Warning

This page is located in archive.
Go to the latest version of this course pages.
Go the latest version of this page.

In mobile-robot exploration, the robot has to select its next navigational goals autonomously. In exploration, the goal selection show follows information-rich regions of interest.
The existing solution is to use the so-called free edges (border between the free and unknown parts of the map) that are called frontiers.
The main task is to implement a function to find the free-edge cells and cluster them to obtain a list of free-edge **representatives** from which the next navigational goals for exploration can be selected.

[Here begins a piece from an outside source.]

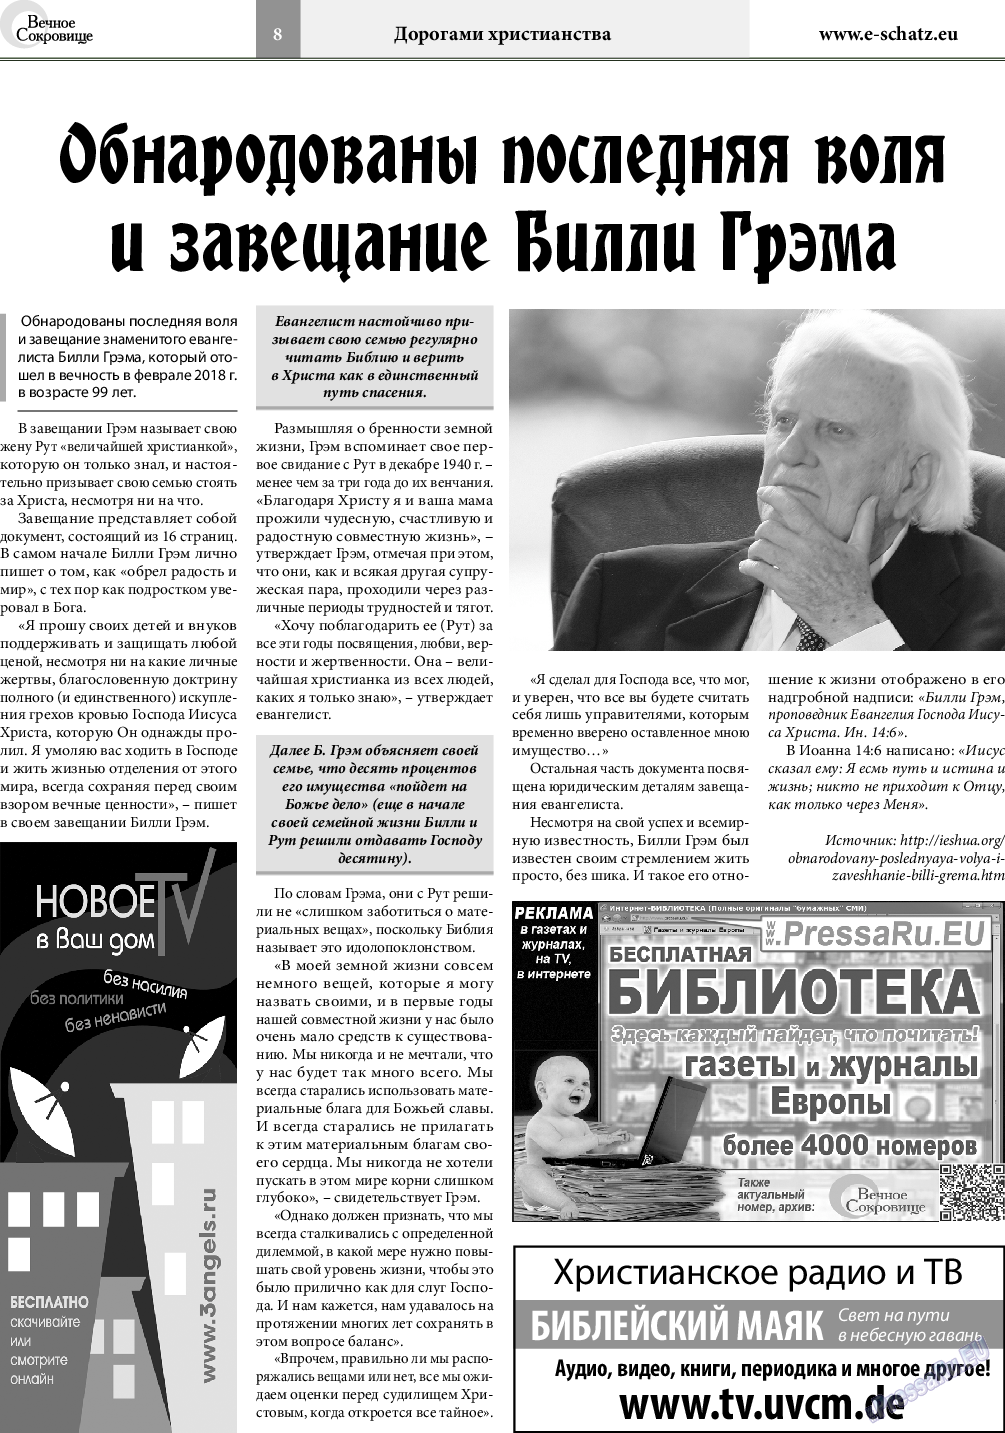 Вечное сокровище (газета). 2018 год, номер 4, стр. 8

Files | `Frontiers.py` - File to be implemented `utils.py` - Helpers for evaluation, drawing, and saving figures `data` - Scenarios and reference solutions in pkl files `t1e-frontiers.py` - Evaluation script |

Resources | redcp.zip, t1e-frontiers.zip - Initial files and evaluation script |

Implement and revise

`Frontiers.find_free_edge_frontiers_representatives()`

in`Frontiers.py`

,`Mapper.update_free()`

in`Mapper.py`

,`Map.update_occupied()`

in`Mapper.py`

.

In `Frontiers.py`

, implement the `find_free_edge_frontiers_representatives()`

function to find the representatives of free-edge frontiers that are centroids of the cells at the border between the free and unknown cells.
A free-edge cell is a free cell that neighborhoods with at least one unknown cell.
Free-edges are sets of free-edge cells connected into the connected component (8-neighborhood, a.k.a. 2 jumps connected component, is considered).
The **considered representatives of the free-edge frontiers** are centroids of the segmented free edges.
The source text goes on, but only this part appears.